Share with your friends


Analytics Magazine

Text Analytics: Mining for Intelligence

January/February 2011


Deriving meaning from the deluge of documents and purging content chaos.

Fiona McNeillBy Fiona McNeill

Experience is a valuable asset, but how do organizations capture and organize such assets for use in decision-making?

Given that 70 percent to 80 percent of all data is unstructured, one can reasonably assume that organizational decision making – based on data warehouses, business reporting and the like – has often been based on only 20 percent to 30 percent of the available data. There’s great opportunity for improvement, then, when organizations include the intelligence buried in unstructured data assets in the decision-making process.

This means identifying any unique attributes in text collections and harmonizing them with the structured data, including that which is generated by operational systems. It means ensuring that decisions are based on all the available information. That avails organizations a whole new lease on the derived intelligence.

You no longer have to encode the characteristics into discrete categories, such as customer complaints or bad reviews on blogs. With today’s text analytics technology, this data can be input as unstructured data, directly and consistently classifying the essence of the material. This puts context back into the numbers.

I have a condition I call “formaphobia”; I have a really hard time filling in boxes to describe me, my life, feelings and needs. I’d be glad if I never had to check off another box! Creating inputs as boxes was the result of limitations in recording information defined by the relational systems that we are all familiar with. But no longer does the technology have to drive how you receive input from your customers, constituents and operations. Now you can examine, utilize and decipher from the text what you need, and in the case of text mining, find new items that you never even knew existed.

How Organizations Turn Text into Gold

Technology plays a strategic role in decision-making. A business analytics framework integrates all the required elements needed to make decisions and intelligently improve operations.

Text analytics technologies allow new, numeric representations of text to be embedded into traditional statistical and forecasting models. From there, results of this new, previously unknown insight are delivered to the end user/information consumer within the reporting capabilities of the framework.

All of this can be invisible to the information consumer; they could be looking at a spreadsheet or their corporate dashboard and see the forecasted volume of positive and negative sentiment being expressed across different Web channels, for example.

Effective text analytics solutions – in fact, the only sustainable, semantic-driven “smart” ones – are most successful when you don’t even know they are there. What you do know is that your searches find relevant, accurate information, and you see reductions in warranty claims, workplace injuries and customer complaints. Performance is as predicted, and your subject matter experts are freed to do even more intelligent tasks for your organization.

Keep in mind that circumstances change over time.
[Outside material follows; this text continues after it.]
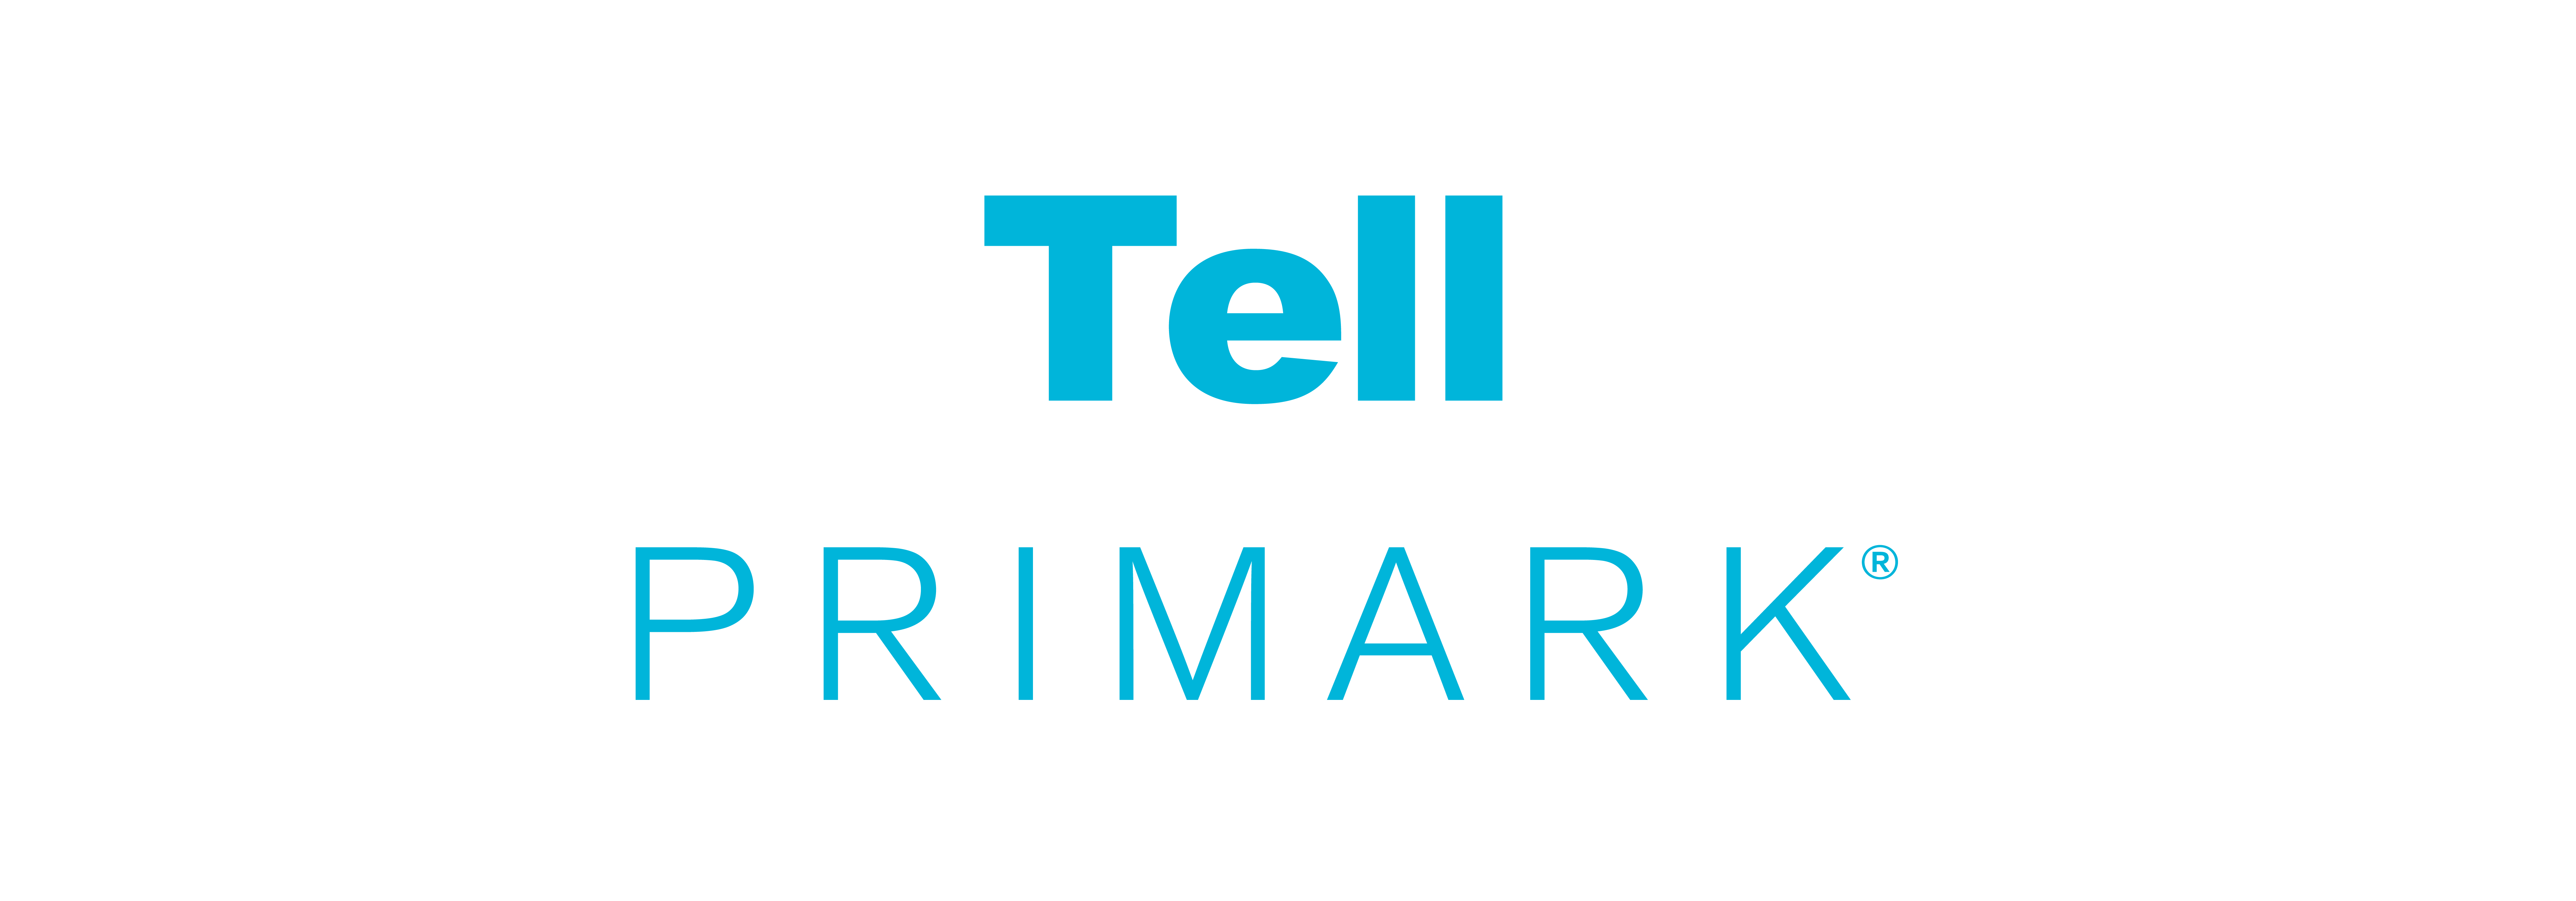 Tell Primark logo

In fact, customer intelligence marketing is designed to do exactly that – change behavior. If your methods are effective, then sentiment will adjust, new words will be used to describe you relative to your competitors, and public perception will change. As such, these systems are not static. They must be dynamic, editable and flexible to change with your business.

Three Keys to Success

Text analytics is designed to extract and decipher the meaning held within documents from repositories, blogs, tweets, customer communication systems, claims and service notes, to name a few. The extraction associated with content categorization and ontologies is a historically-focused activity – looking at what was already written and transcribed, and deciding what the core meaning is within that particular text. When we extend to sentiment analysis and text mining, we discover completely new things that never would be identified by looking at each document in isolation. Semantics are important.

Three keys to success in this regard:
1. With smart organizational cultures, semantic-driven implementations are successful when end-user employees don’t even know the technologies are there – the capabilities are embedded into business processes. No longer are we building little used “field of dreams warehouses.” These are intelligent systems, implemented in operational reporting and activity systems.

2. Semantics is fundamentally about encoding knowledge, recording it and processing it in a meaningful way. In that codification, the text analytics technology documents how people think about and interpret the written word. It’s not Y2K encoding – we have all learned from that. This uses dynamic, learning structures designed to identify concepts and topics and change over time.

3. Organizations need to take a strategic approach. Semantic technology must be open to new rule definitions and adapt to new knowledge the organization derives – refining rules, including new topics. It needs to change with the organization. This means more than just getting through the materials faster. While that is part of the challenge, review of each document in and of itself will not give the insight that you get from examining the entire collection and mining it for new discovery.

Text Analytics Yield Big Wins

A manufacturer with a rich acquisition history had over a million product numbers across four different brands – they had been through a lot of change. For them, getting through that material was like reading 500 copies of “War and Peace.” Text analytics helped them make sense of the data – defining well-organized concepts, capturing key identifiers and predicting which categories any particular product belongs to with 95 percent accuracy.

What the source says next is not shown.